Volume I of the catalogue for Plateau mit Halbfigur – the workbook – is a distillation of the extensive notes made by the artist during the eighteen months he spent researching and preparing this work. Some refer to individual steps in the actual work process – these include various models and tests for colours and positions. Other notes indicate possible points of reference in art and architecture, stage design and movie sets, industrial products and of course Scheibitz’s own work. It is not by chance that the workbook starts with an image looking out through a window, which immediately sets up an ambivalent relationship between this side and the other, between here and there. This spatial complexity is further heightened in a studio shot (fig. 2), which is rendered strangely confusing by its double frame. Elsewhere a collage uses similar means to continue the game (fig. 36). The studio and the exhibition space, superimposed on each other, open up new perspectives in other real and irreal realms. The method seen here is also used by Scheibitz in other publications, possibly to sustain the suspense surrounding the relationships between studies and works, images and meanings, form and content. Nevertheless, the intention is not to obscure the work process or maybe even to mystify it as a creative act. The countless allusions – as a para-work – to his own perception, his own thought processes and his own doing are an attempt to keep the viewer’s response to the art flexible and open. The para-work allows the viewer to approach the act of seeing and to engage in visual or mental speculation as a way of continuing the artist’s work so to speak, not as a way of categorizing it.

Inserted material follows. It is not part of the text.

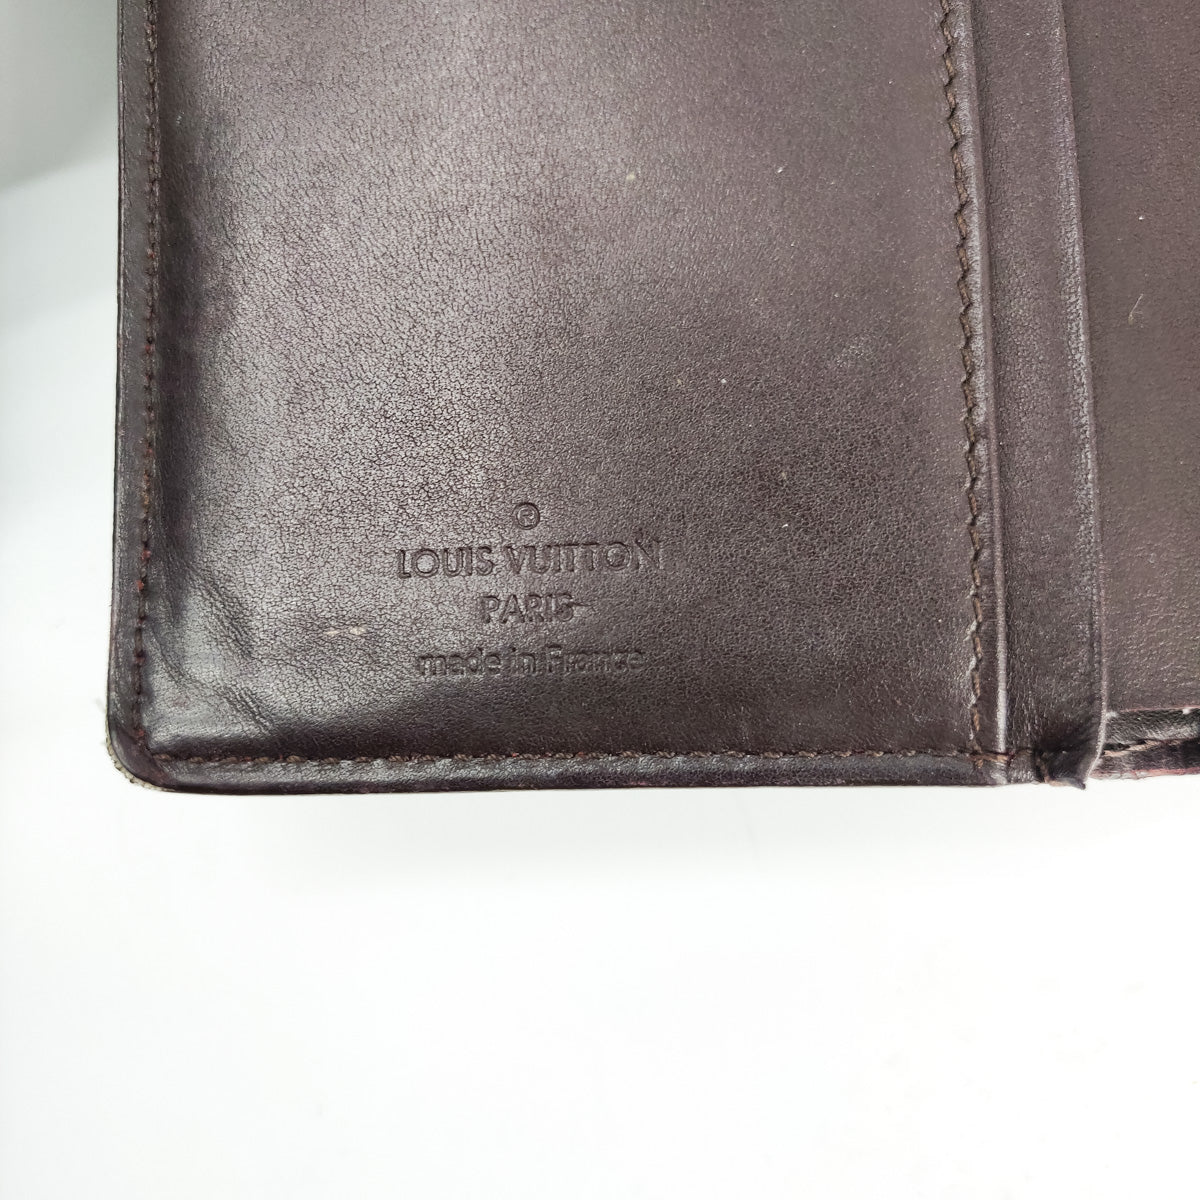 LOUIS VUITTON Monogram French Purse Wallet 1188408

Architecture features in the workbook with striking frequency – more often than not in the form of eccentric structures and designs with stereometric basic elements and combinations of the latter. The proximity to architectural speculation fluctuates (buildings as letters of the alphabet) as does the proximity to temporary constructions (buildings for movies and the stage) and models. Monumentality is an important subtext. Given a space with the dimensions of the Kesselhaus one’s thoughts naturally turn towards architecture. Determining the absolute size and hence the proportions of the work is one of the most difficult, most important tasks. While Scheibitz is not interested in monumentality purely for the sake of overwhelming the viewer, in his work he nevertheless does want to approach a tipping point – albeit without losing touch with the scale of a human figure. Architecture is also a point of orientation, because for all the freedom of the forms pertaining to his sculpture, it still has to be a rationally planned construction. Things have to make structural sense and they do not hide this fact.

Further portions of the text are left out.